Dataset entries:

════════════════

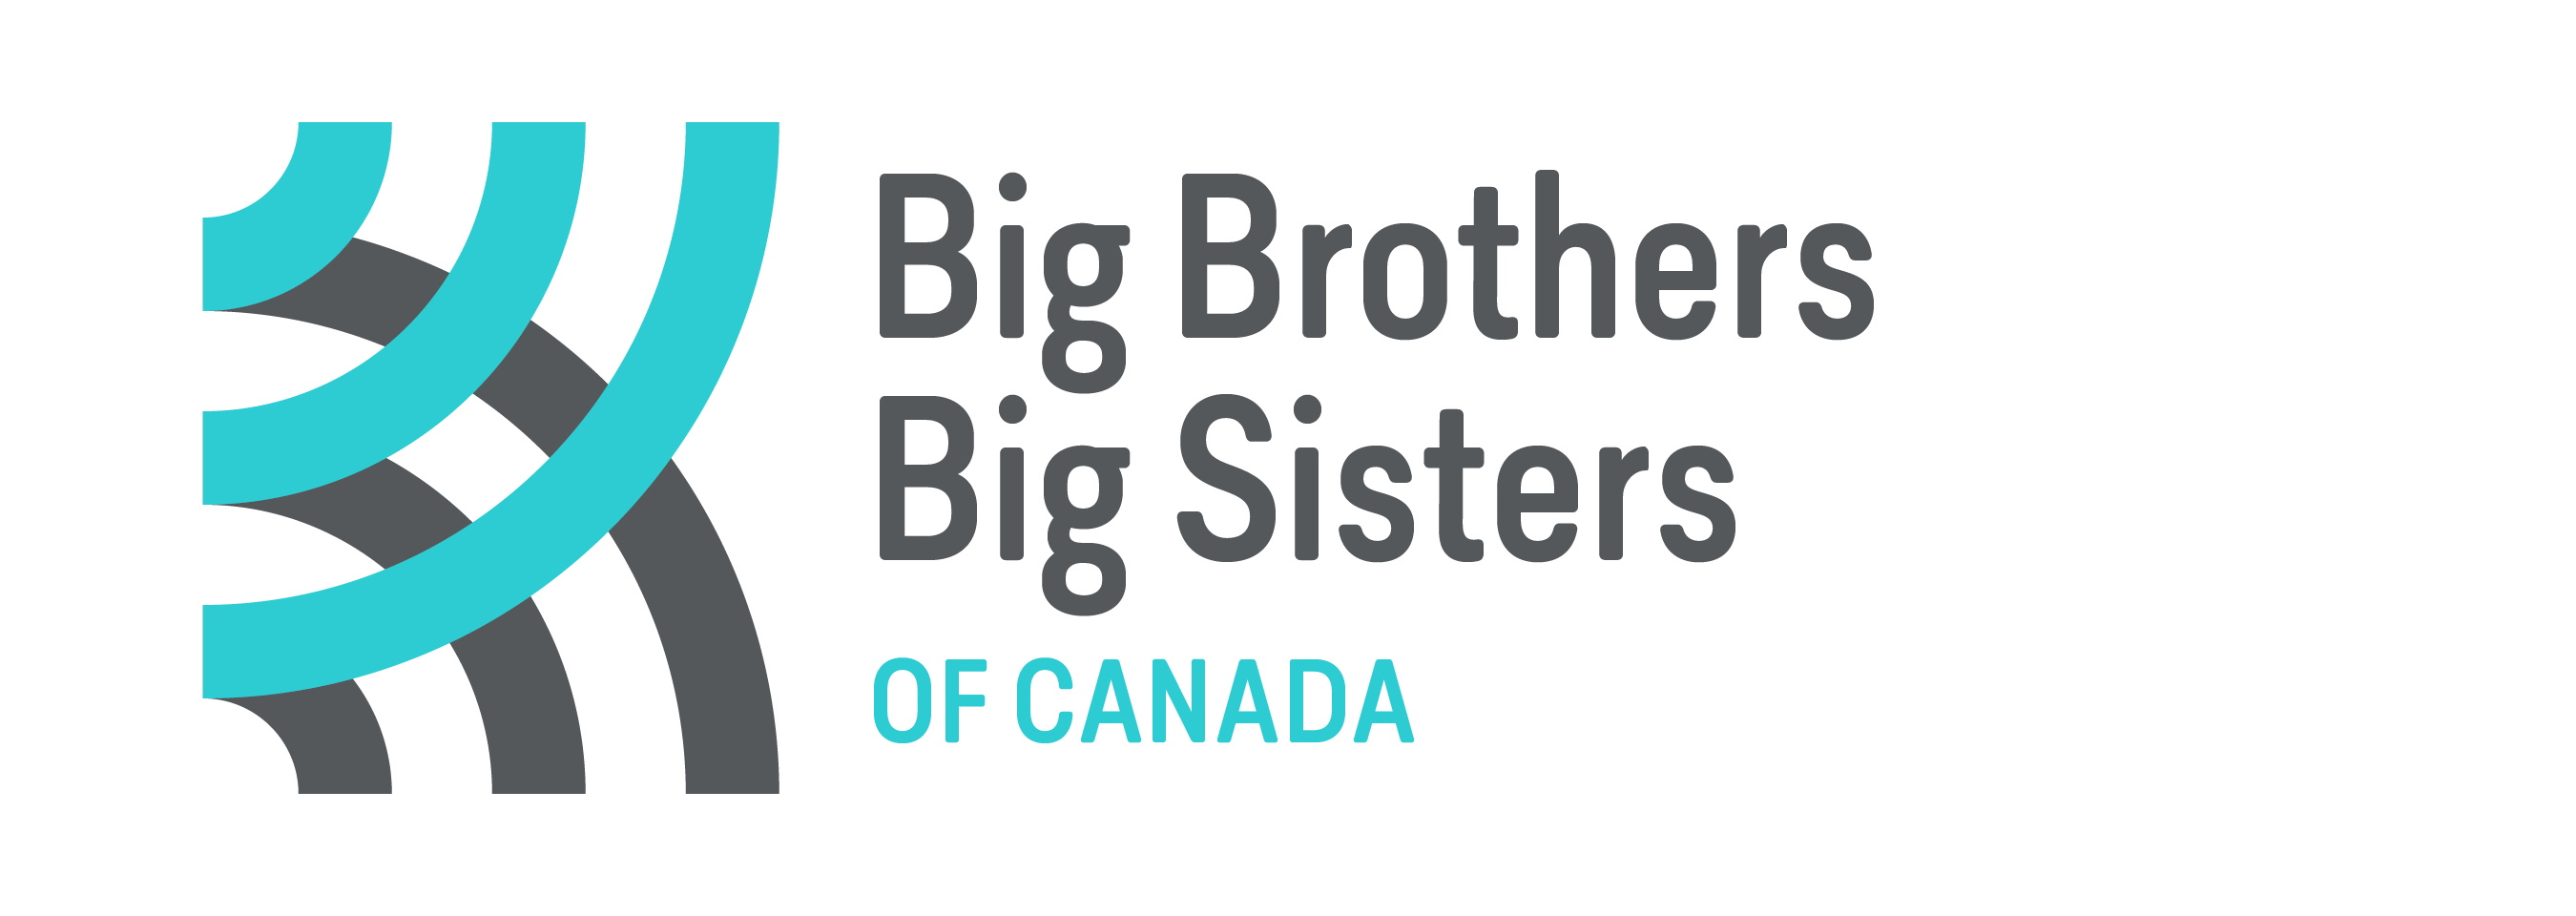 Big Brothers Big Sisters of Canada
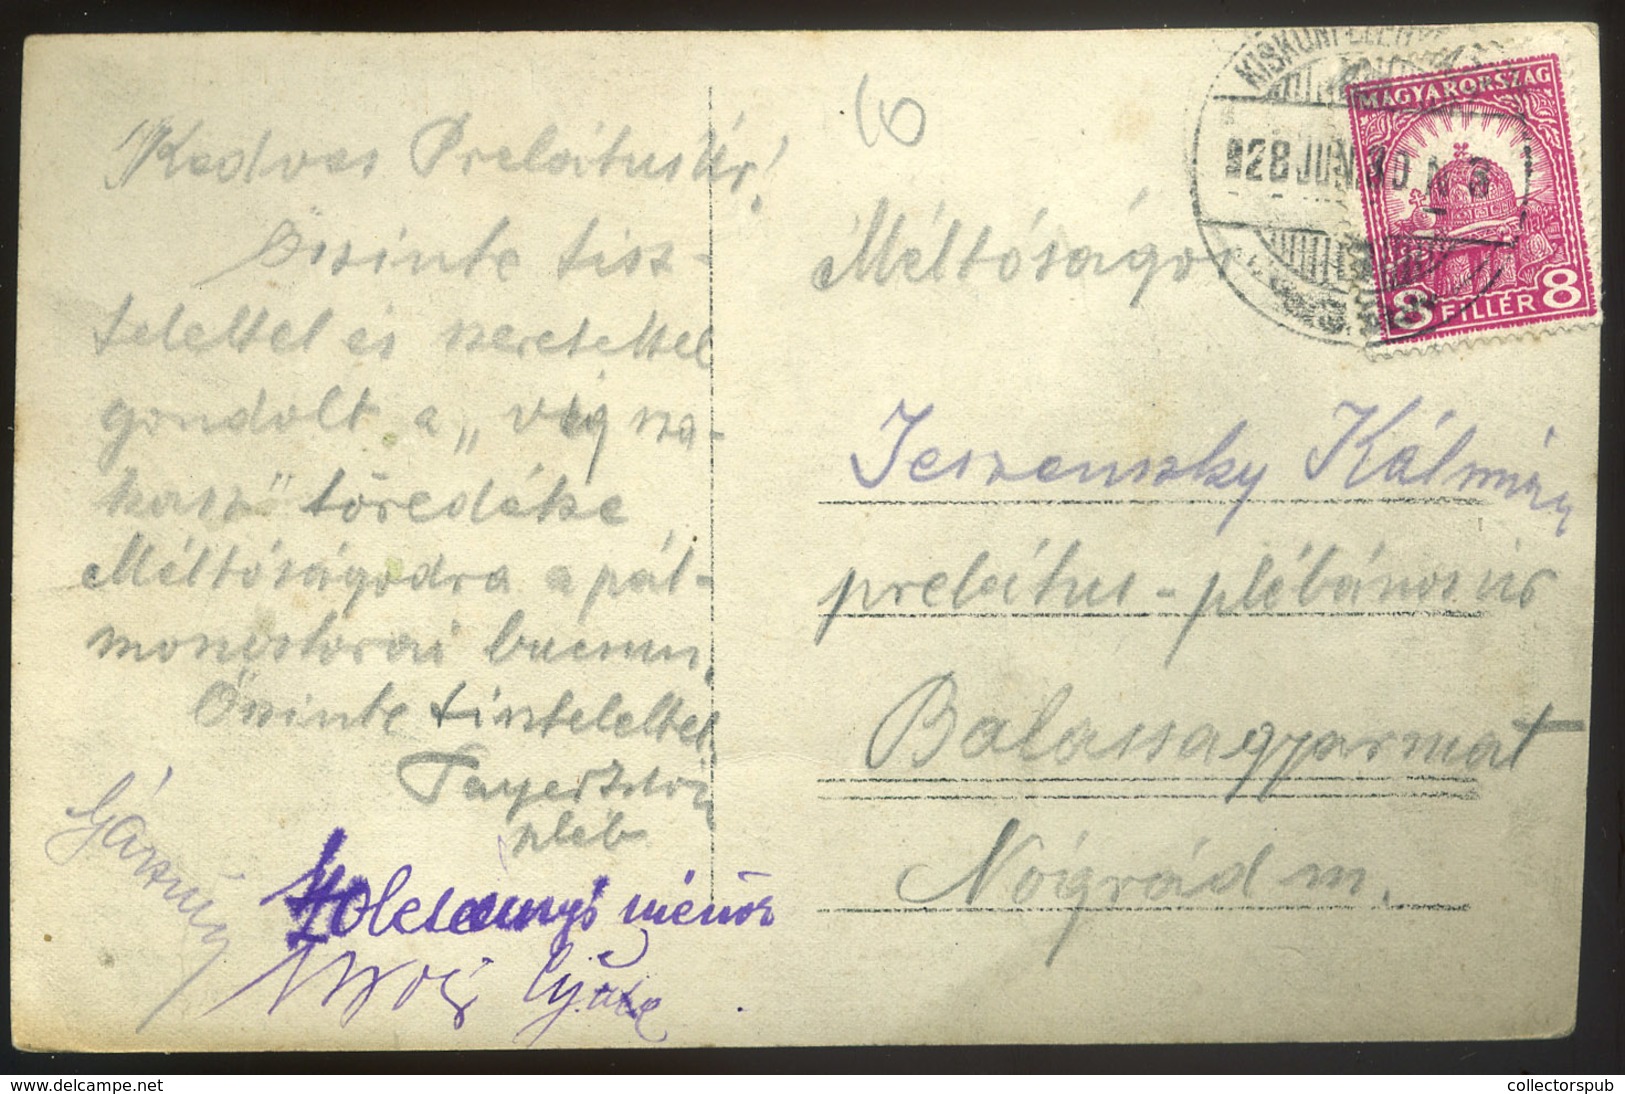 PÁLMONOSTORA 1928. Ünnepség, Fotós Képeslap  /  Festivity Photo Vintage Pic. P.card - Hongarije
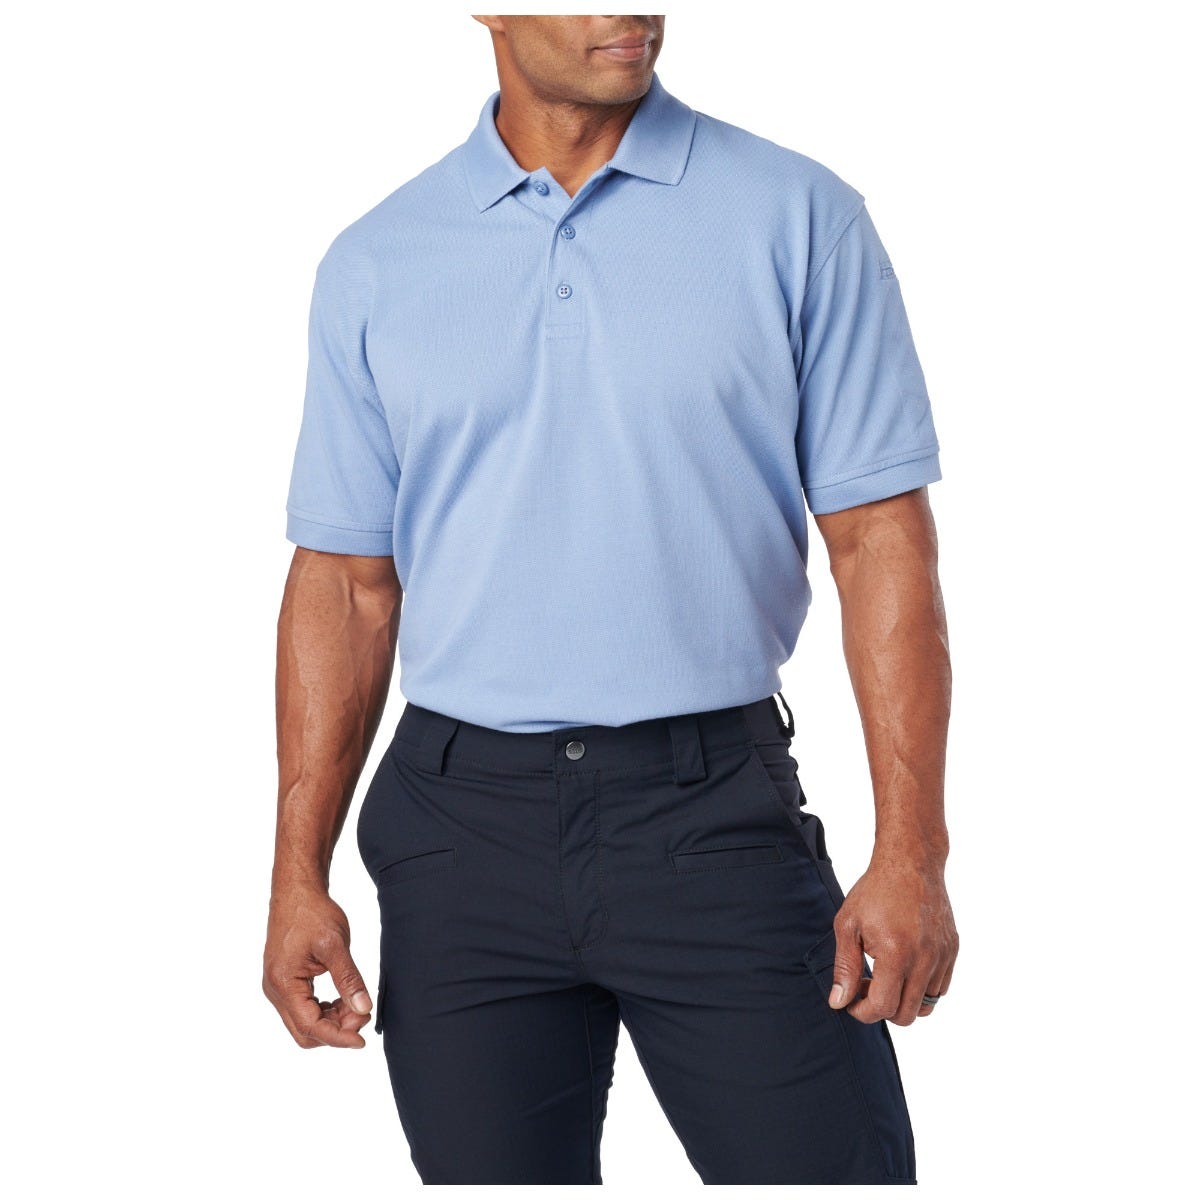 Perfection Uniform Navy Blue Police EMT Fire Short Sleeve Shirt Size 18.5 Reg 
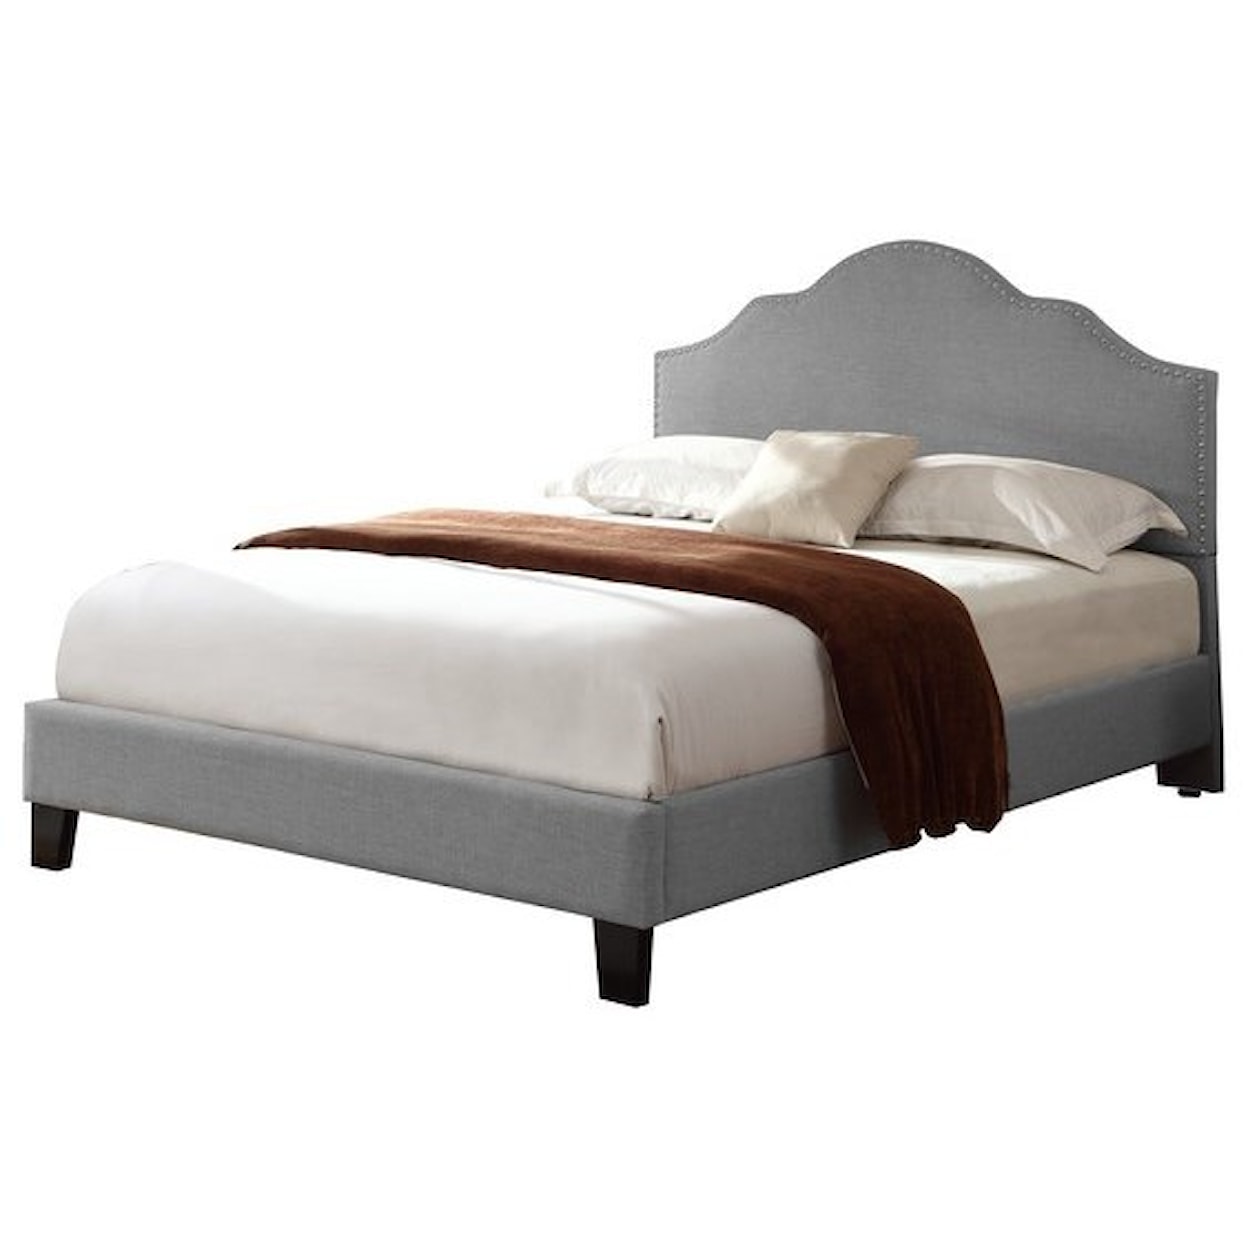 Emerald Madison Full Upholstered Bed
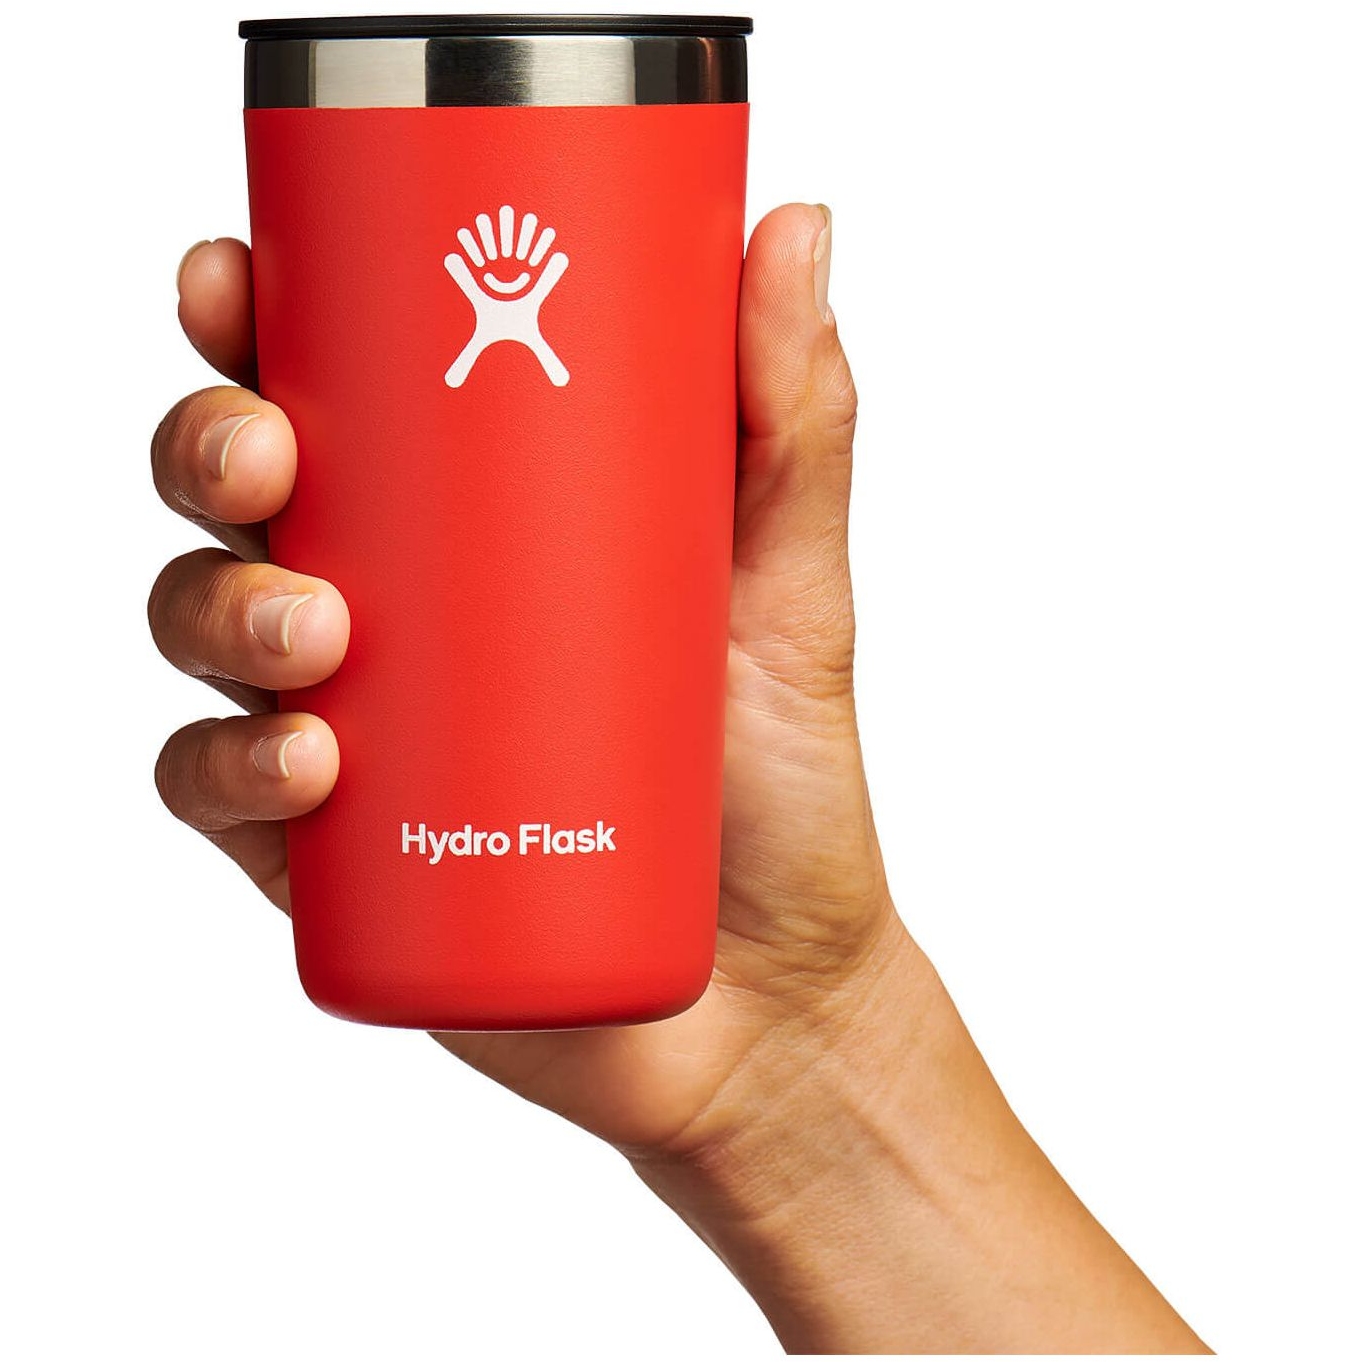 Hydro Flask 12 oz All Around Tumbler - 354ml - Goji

════════════════

### Activity
Only one thing is required: an exact printout of the lines from the line containing "Perfection Uniform Navy" through the last line of the records, pictures excluded.

### Output
 Perfection Uniform Navy Blue Police EMT Fire Short Sleeve Shirt Size 18.5 Reg 
 Emerald Madison Full Upholstered Bed
 Hydro Flask 12 oz All Around Tumbler - 354ml - Goji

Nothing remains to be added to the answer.